Ethan felt cold spread through him, slow and certain. He didn’t know the missing person’s name. He didn’t know their face. But he knew the shape of their last night: the quiet, the wrong smell, the moment you realize you’re not alone.

Chapter 7: What He Never Said Out Loud

Spring came to Boise and life kept insisting on normal. Ethan sold the house that held too many echoes, moved into a smaller apartment, tried to build a new rhythm. He dated. Eventually he met Sarah, kind and grounded, the sort of person who made the world feel stable just by existing in it. He never told her the whole story. He told her the divorce had shaken him. That part was true. But it wasn’t the real fracture. The real fracture was the morning the forest went quiet and he watched something stand up on the far bank, too big and too wrong to fit into the world he’d believed in.

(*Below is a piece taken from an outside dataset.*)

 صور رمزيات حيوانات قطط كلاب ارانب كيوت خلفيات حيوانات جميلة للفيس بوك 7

Time dulled some edges. The nightmares grew less frequent. The smell stopped visiting his waking hours. The news stopped mentioning the Clearwater Screamer. People moved on to other mysteries, other distractions. But Ethan never fished again. He never stood in a river with trees around him and felt safe. Something had been taken from him that he couldn’t name without sounding dramatic: the assumption that wilderness was simply scenery, a place humans could enter without consequence.

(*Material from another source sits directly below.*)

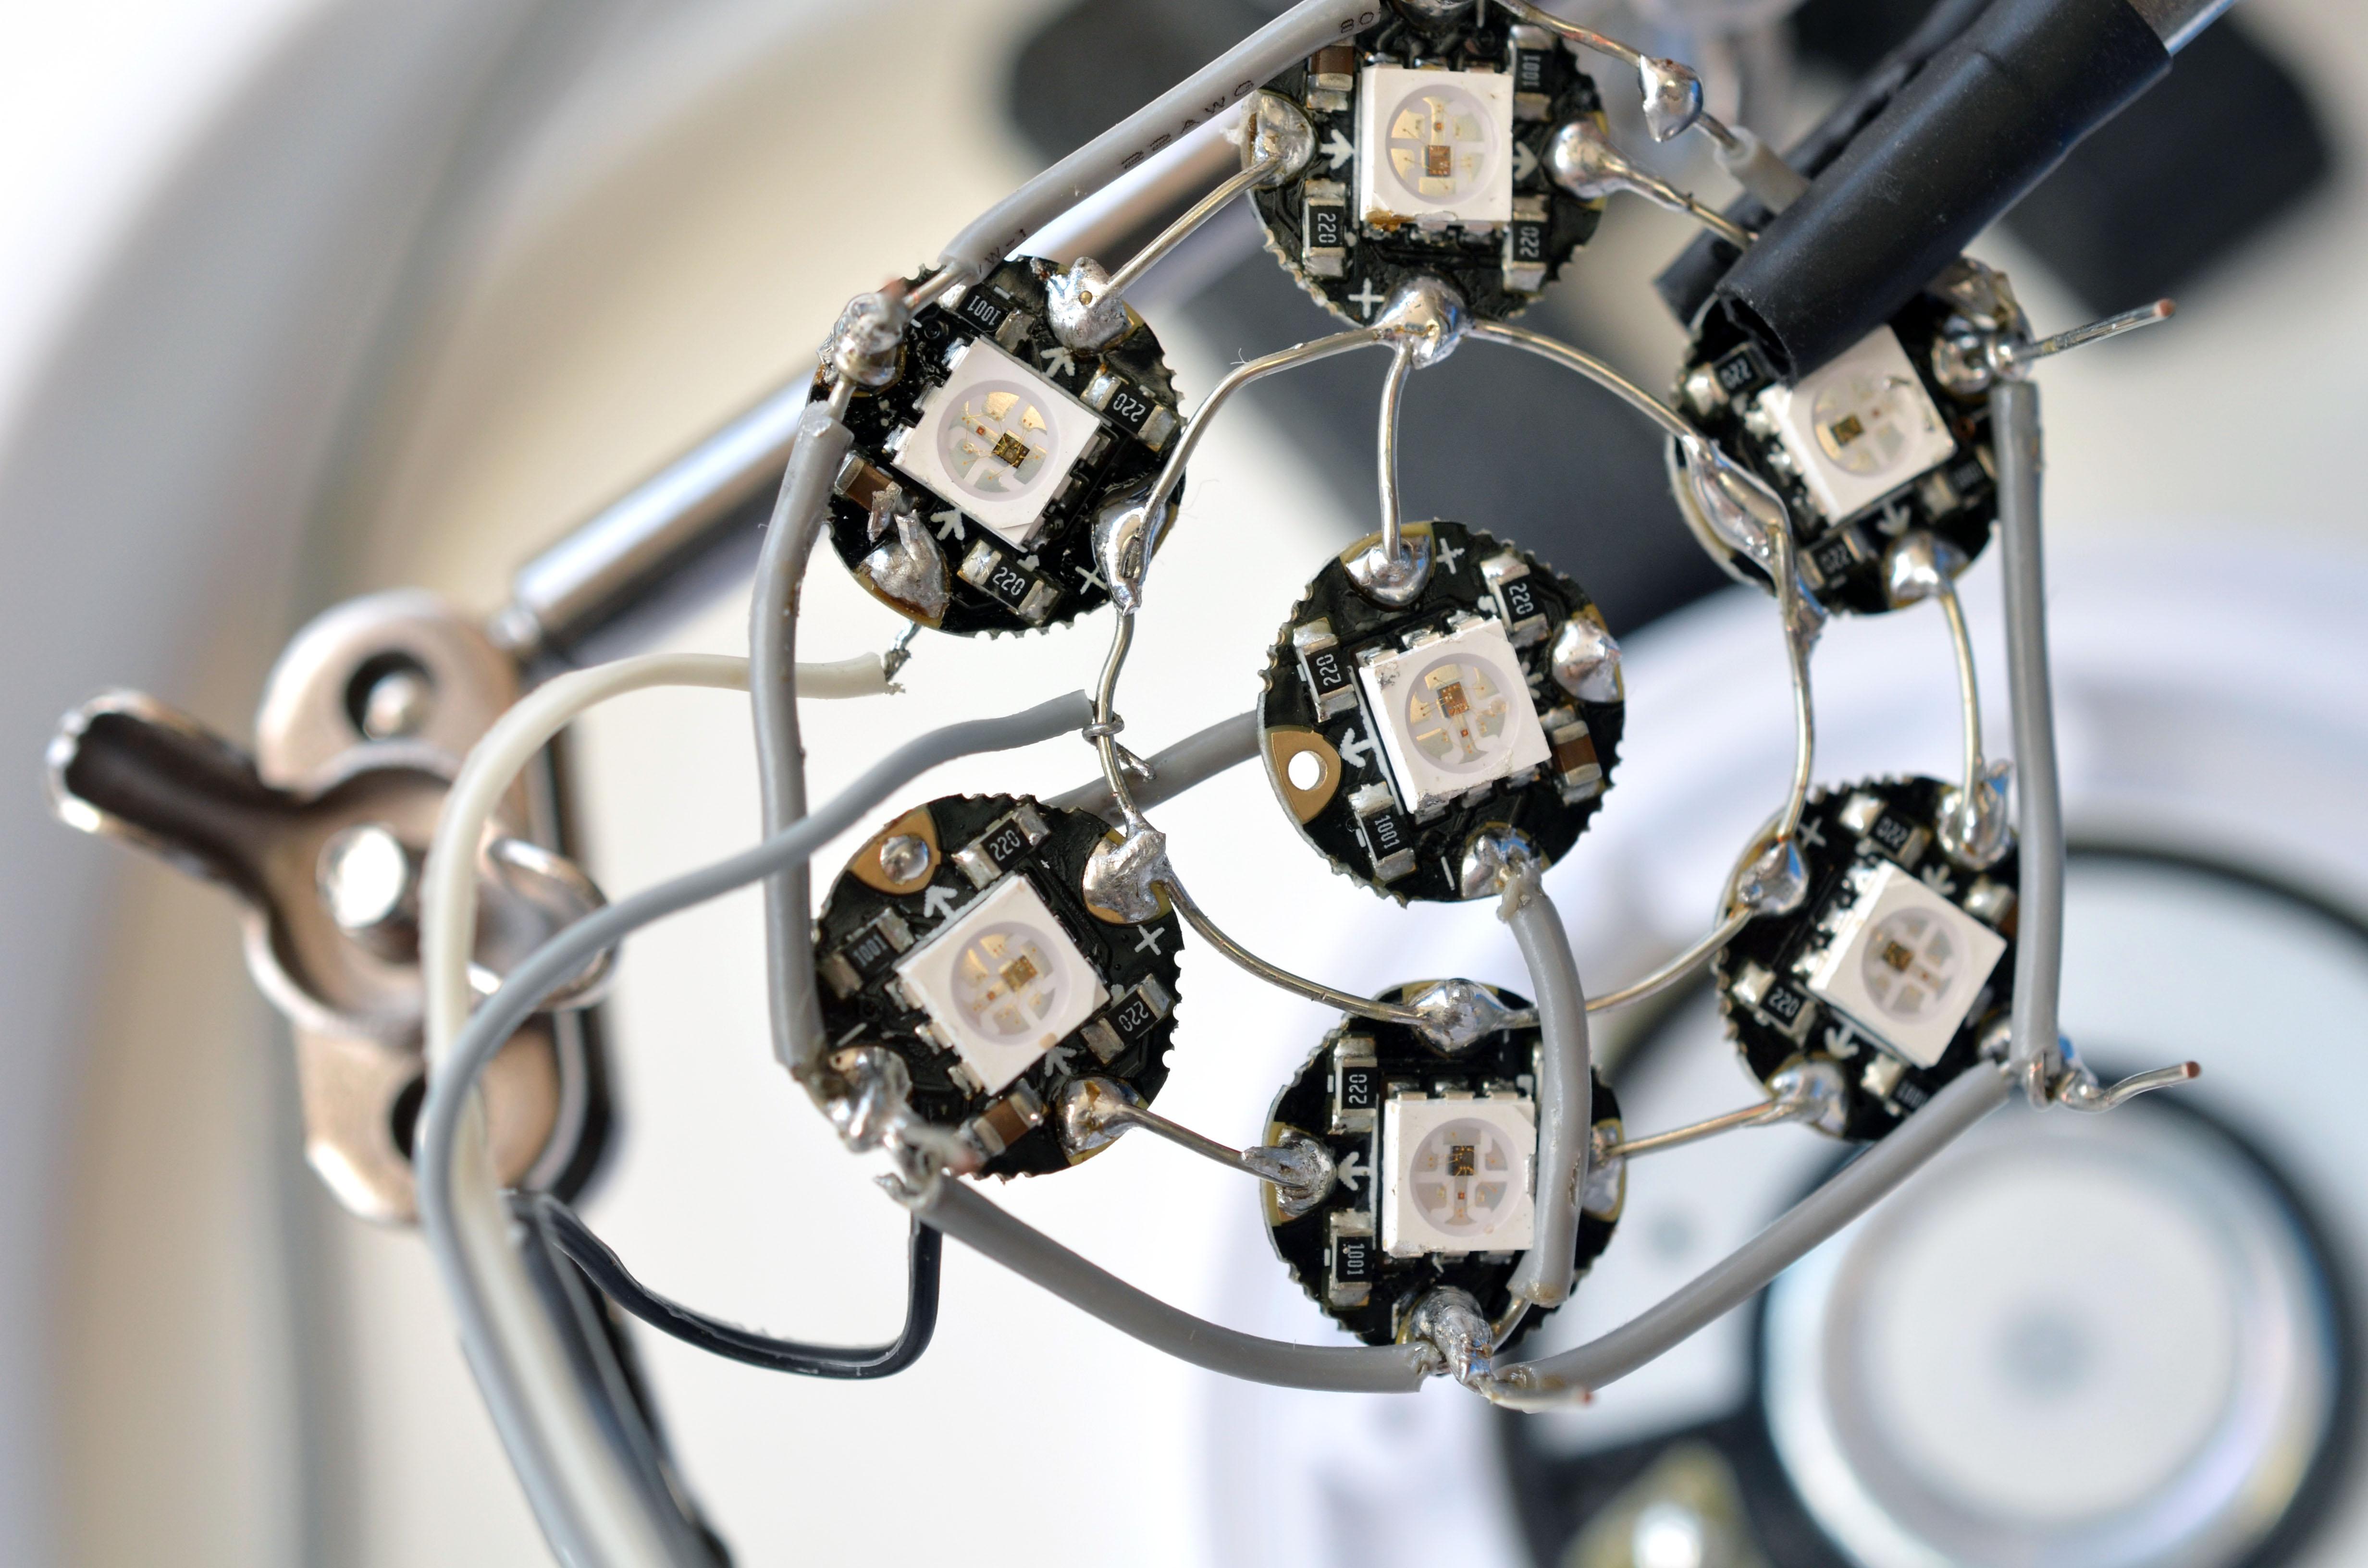 flora_glowing-skullcandy-headphones-adafruit-12.jpg

Years later, on a quiet evening, Sarah would find him on the porch watching the sunset with a haunted look and ask, gently, “You okay?” Ethan would hesitate and feel the old story pressing behind his teeth, heavy and sharp, wanting to be spoken. And he would swallow it again, because he’d learned what happens when you say impossible things out loud: people look for proof, and when you can’t provide it, they look for an explanation that makes them comfortable.

So he kept it private. A secret weight. A line drawn through his life: before the river, after the river. And sometimes, on nights when wind was still and the house was quiet, he would think about the Clearwater and feel that moment of absolute clarity return—the instant he understood the world had corners where humans were not the largest thing moving, not the final authority, not the top of anything.

Somewhere in Idaho’s deep timber, something had lived long before Ethan ever tied a fly in a motel room. It hunted, fed, and guarded its territory with sound and thrown wood and a silence that made birds stop singing. It didn’t need witnesses. It didn’t need belief.

It simply existed.

And that, Ethan learned, was the most frightening kind of truth.